2. The method for aligning pairwise protein interaction networks based on partition integration strategy according to claim 1, wherein in step 2, the similarity score is calculated as follows:

3. The method for aligning pairwise protein interaction networks based on partition and integration strategy according to claim 1, wherein in step 2, the module division step is as follows:

4. The method for aligning paired protein interaction networks based on the partition integration strategy of claim 1, wherein the step 3 comprises the following steps:

equation (3) is limited to equation (4):

the module similarity calculation formula is as follows:

S(m1,m2)＝HS(m1,m2)+BLAST(c1,c2) (5)

5. The method for aligning paired protein interaction networks based on the partition integration strategy of claim 1, wherein the step 4 comprises the following steps: for each pair of matched modules obtained in the module comparison stage, firstly calculating a similarity matrix of nodes in the modules, and then comparing the nodes in the two modules; the more specific process is as follows:

wherein c is_uThe characteristic vector centrality of the finger point u;

6. The method for aligning pairwise protein interaction networks based on partition integration strategy according to claim 5, wherein the step of performing intra-module alignment according to formula (6) is as follows: (1) first, module centers c1, c2 of modules m1, m2 are aligned up; (2) obtaining neighbors of c1, c2, Deg (c1), Deg (c2), respectively; (3) extracting submatrices of which the row names and the column names are Deg (c1) and Deg (c2) from the F, and comparing nodes Deg (c1) and Deg (c2) by using a Hungarian algorithm; (4) removing the expanded nodes (c1, c2), and repeating the steps (2) and (3) for the remaining aligned node pairs.

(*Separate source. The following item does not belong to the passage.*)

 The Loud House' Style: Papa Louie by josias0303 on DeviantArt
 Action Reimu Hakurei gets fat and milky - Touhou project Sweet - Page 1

7. The method for aligning paired protein interaction networks based on the partition integration strategy of claim 1, wherein the step 5 comprises the following steps: abstracting the candidate set into a hypergraph, wherein nodes in a source network are source nodes of the hypergraph, nodes in a target network are target nodes of the hypergraph, and each sub-comparison corresponds to one hyper-arc of the hypergraph; and extracting the hypergraph into a bipartite graph only containing one-to-one comparison relationship by using a weighted bipartite hypergraph matching algorithm, and obtaining the final node matching relationship.

8. A computer device comprising a memory, a processor and a computer program stored on the memory and executable on the processor, characterized in that the steps of the method of any of claims 1 to 7 are implemented when the program is executed by the processor.

9. A computer-readable storage medium, on which a computer program is stored which, when being executed by a processor, carries out the steps of the method according to any one of claims 1 to 7.

10. A processor, characterized in that the processor is configured to run a program, wherein the program when running performs the method of any of claims 1 to 7.